Azouzi et al. (2011, 2012) ainsi que Lebel et al. (2019) ont proposé une théorisation de l’intégration de systèmes adaptée au secteur forestier. Ces chercheurs ont nommé le concept : « Fournisseur- Intégrateur ». Le Fournisseur-Intégrateur agit comme un intermédiaire entre le gouvernement et les usines de transformation du bois. Il réalise ainsi l’intégration des besoins d’approvisionnement pour un groupe d’usines de transformation du bois et collabore à la planification forestière avec le MFFP à travers les différents niveaux de planification. Le Fournisseur-Intégrateur est aussi en lien avec un réseau de fournisseurs de services de récolte et de transport. Il est ainsi en mesure de « fournir » du bois à ses clients. Finalement, il possède des compétences en planification forestière, mais également en logistique et en optimisation.

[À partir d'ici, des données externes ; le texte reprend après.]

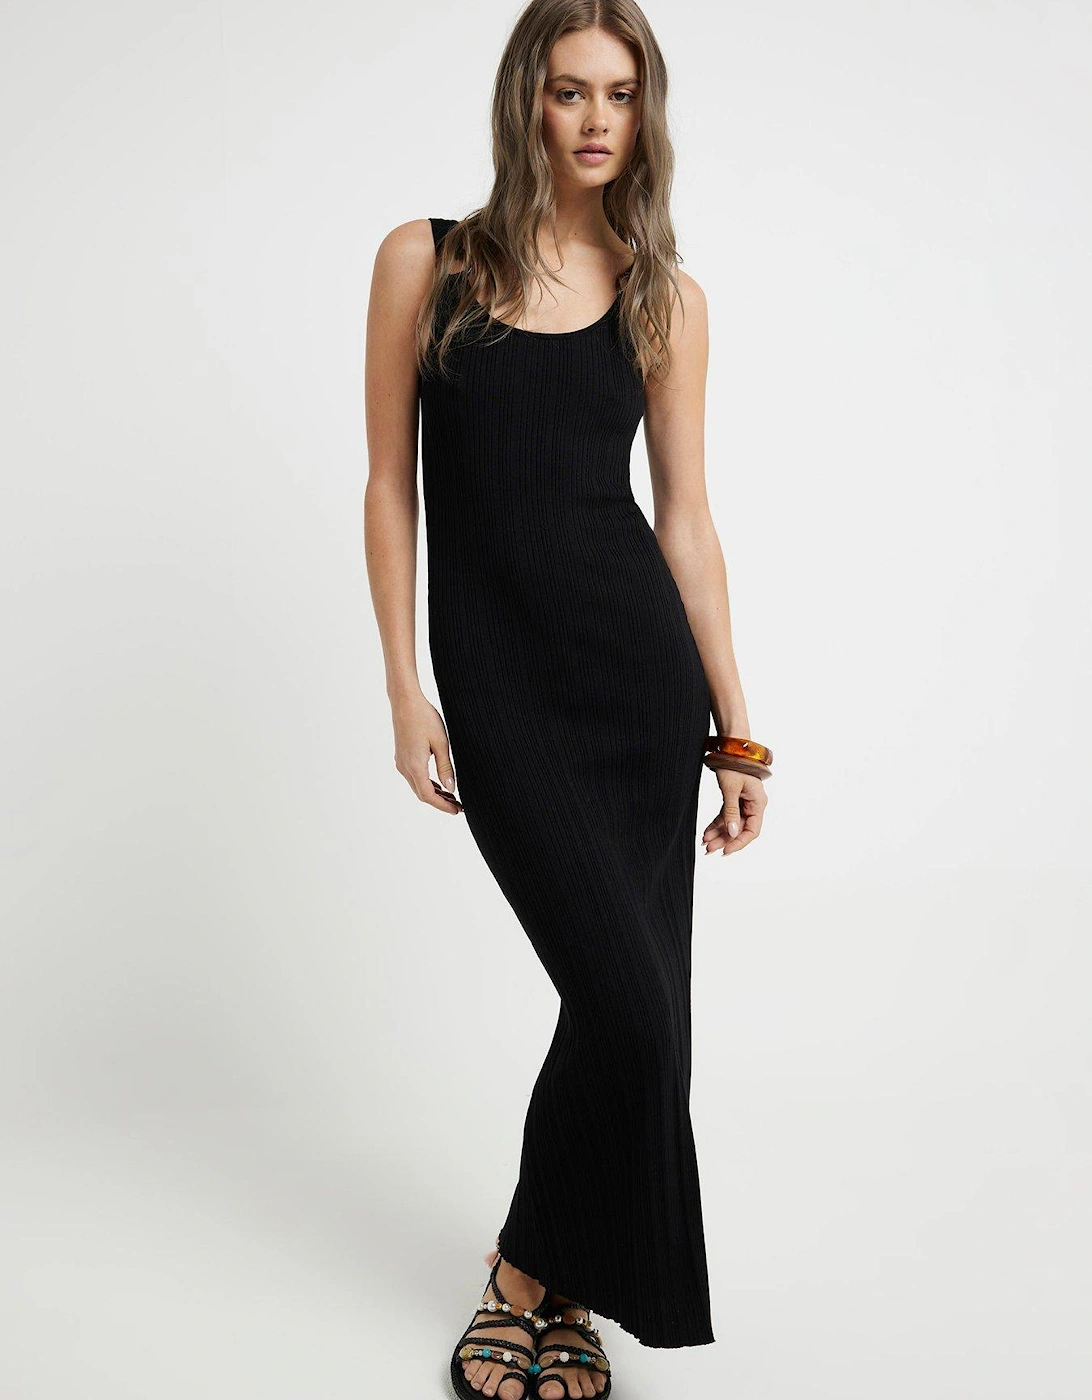 Rib Knit Dress - Black, 2 of 1

Le concept de Fournisseur-Intégrateur n’a toutefois pas été l’objet d’une étude formelle sur le terrain. Dans le cadre de cette thèse, nous sommes donc intéressés par l’influence d’une tierce partie jouant le rôle d’intégrateur-système sur la performance de la planification forestière. La littérature qui porte sur l’intégration de systèmes suggère des bénéfices intéressants, mais elle n’offre pas de réponses pour notre contexte distribué à l’étude. Plus particulièrement, il n’est pas clair dans la littérature quel(s) modèle(s) de gouvernance « multiorganisationnel » est (ou sont) le(s) plus adéquat(s) considérant les défis de planification collaborative dans les chaînes d’approvisionnement forestier à

l’étude. En d’autres mots, considérant la tension entre l’autonomie organisationnelle et la gestion des interdépendances dans les chaînes d’approvisionnement, quel rôle devrait jouer une tierce partie de type intégrateur-système dans la planification forestière afin de favoriser la performance de celle-ci.

Certains chercheurs actifs en sciences de l’administration s’intéressent en partie à ces questions. Ces chercheurs étudient les facteurs organisationnels et sociologiques qui favorisent la collaboration dans les chaînes d’approvisionnement. La collaboration est d’ailleurs régulièrement présentée comme un moyen permettant l’amélioration des performances des chaînes d’approvisionnement (Fawcett et al., 2012). Soosay et Hyland (2015) définissent ce concept comme une stratégie à long terme, basée sur la confiance, qui permet la mise en œuvre de capacités relationnelles uniques. La collaboration permet une planification et une prise de décision conjointe concernant à la fois les questions stratégiques et opérationnelles, le partage des ressources, des bénéfices et du risque. La compréhension mutuelle entre les organisations qui s’opère permet d’établir des objectifs conjoints et la recherche de solutions optimales. Cette définition témoigne dans un premier temps de la nature complexe mais également holistique de la collaboration. Sa mise en œuvre fait ainsi intervenir plusieurs paramètres organisationnels et sociologiques qui sont simultanément en action au sein d’une chaîne d’approvisionnement. Toutefois, relativement peu de firmes ont montré une habileté à collaborer de manière constante et soutenue sur le long terme à l’image des exemples des compagnies Honda et Toyota avec leurs propres chaînes d’approvisionnement (Fawcett et al., 2015). Il demeure des facettes du phénomène de la collaboration qui ne sont pas clairement comprises. Par exemple, en lien avec les difficultés de conciliation de l’information présentée dans la problématique, Soosay et Hyland (2015) font remarquer qu’il n’est pas toujours clair de quelle façon les organisations d’une chaîne d’approvisionnement gèrent l’échange d’information considérant les niveaux de confiance des partenaires, les dynamiques de pouvoir en place et les structures de gouvernance. Il s’agit d’une lacune de la littérature qui rejoint nos questionnements et que nous cherchons à combler.

Le domaine de recherche de la collaboration dans les chaînes d’approvisionnement constitue une piste pertinente afin de réfléchir sur le modèle de gouvernance multiorganisationnelle approprié qui permettra de concilier la dichotomie entre autonomie et interdépendance. La revue de la littérature

qui sera présentée au chapitre 2 reprendra en détail notre positionnement dans la littérature et indiquera les lacunes que nous cherchons à combler.